Lending Association

Stock Story: Vinci

Vinci is built around the pillars of its concessions and contracting operations. From our perspective, the most attractive part of its business is the large and diversified concessions holdings. These provide the lion’s share of earnings and deliver a stable and reliable income stream for investors.

The concessions business is diverse, spanning a wide array of assets. These include everything from toll roads and airports to renewable power and even the Stade de France stadium. This business is without doubt the most important earnings contributor due to the strong profit margins on which it operates. However, the contracting business is also a large operation. Capabilities for this contracting business are significant with the business operating in over 120 countries, with an employee base of more than 270,000 and project types including road construction, buildings, and electrical networks and data centres.
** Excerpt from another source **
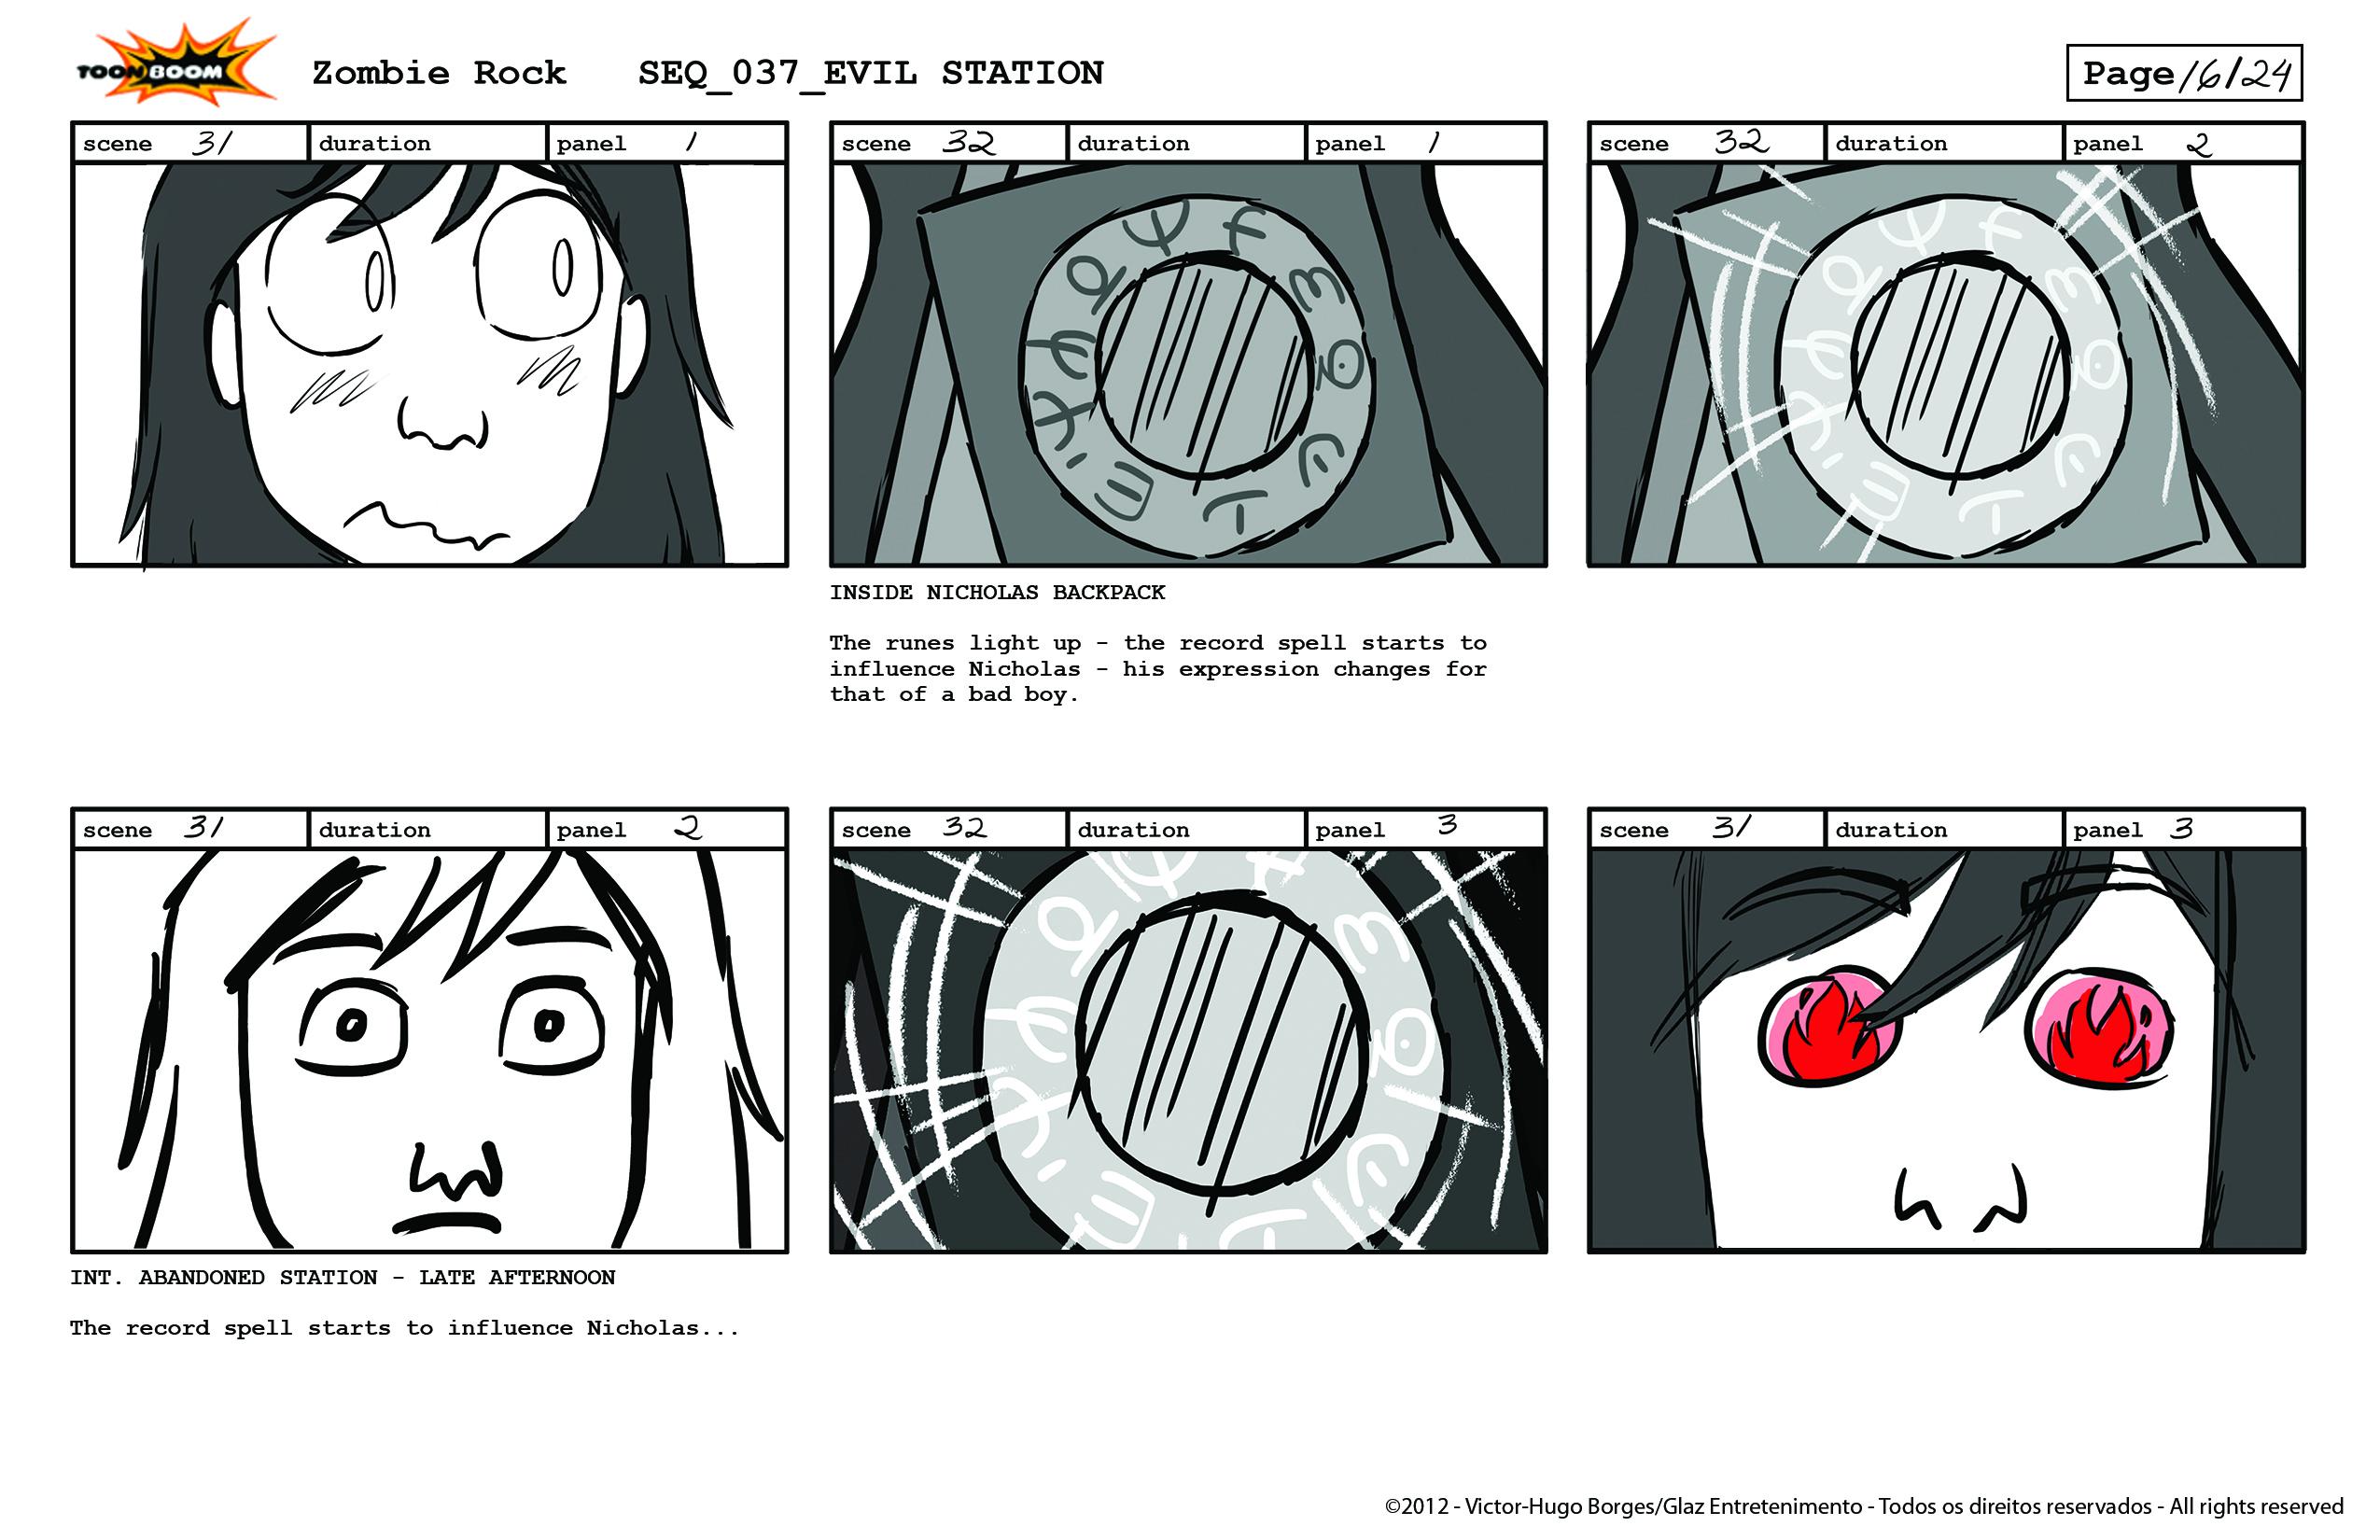 SEQ037_Evil Station_page16

Within the concession business, the most important economic engine comprises the toll roads concessions in France, known as Vinci Autoroutes. Autoroutes operates a collection of road networks covering 4,443 km that represent around half the toll road market in the country and one third of the total motorway network. These motorways are mature concessions and typically grow modestly but predictably as traffic increases and tolls are lifted by 70% of the recorded inflation rate each year. This leads to modest but steady inflation-linked growth in cash flow from these assets. Due to the mature nature of these concessions, they generate significant cash flow, with EBITDA (a cash flow proxy for motorways) of €4.4bn in 2022.

Airports have been an area of growth for the company. In 2019 (the last full year before COVID-19 affected air traffic), Vinci owned or operated airports that moved 255 million passengers, a figure it looks likely to have surpassed in 2023. In 2013, Vinci took relatively modest airport operations and grew them through the acquisition of the airport operator in Portugal, ANA. This asset added key airports such as Lisbon and Porto to its portfolio. Since then, Vinci has taken stakes in airports in the UK, Mexico and Japan. These assets provide a link to the ongoing structural growth in global aviation.

Vinci has continued to look for areas of growth in which it can profitably deploy capital generated from its existing business. The company has stated its aspirations for significant growth into renewable power. This has arisen through the acquisition of the contractor Cobra IS and its renewable energy development platform. The company has stated a target of over 12 GW of capacity by 2030 as it continues to deploy increasing capital into this opportunity.

Finally, while a minority of Vinci’s earnings, contracting is a large part of the overall business in terms of volume of work. The company is currently sitting on an order book of €63.3bn or around 13.6 months of activity for the group. We expect this operation will continue to generate a meaningful and growing profit contribution, particularly through its energy and electric engineering teams that are benefiting from ongoing expenditure in energy transition and digital transformation. Importantly from a risk point of view, the contracts are highly diversified, with any single ‘difficult to complete’ construction project likely to be a headwind to earnings rather than a significant financial problem for the company.

We consider that the outlook for the business should be steady and predictable with a well-diversified portfolio of infrastructure concession businesses. Meanwhile, management will be focused on continued capital deployment of the significant free cash flow the company generates for its shareholders.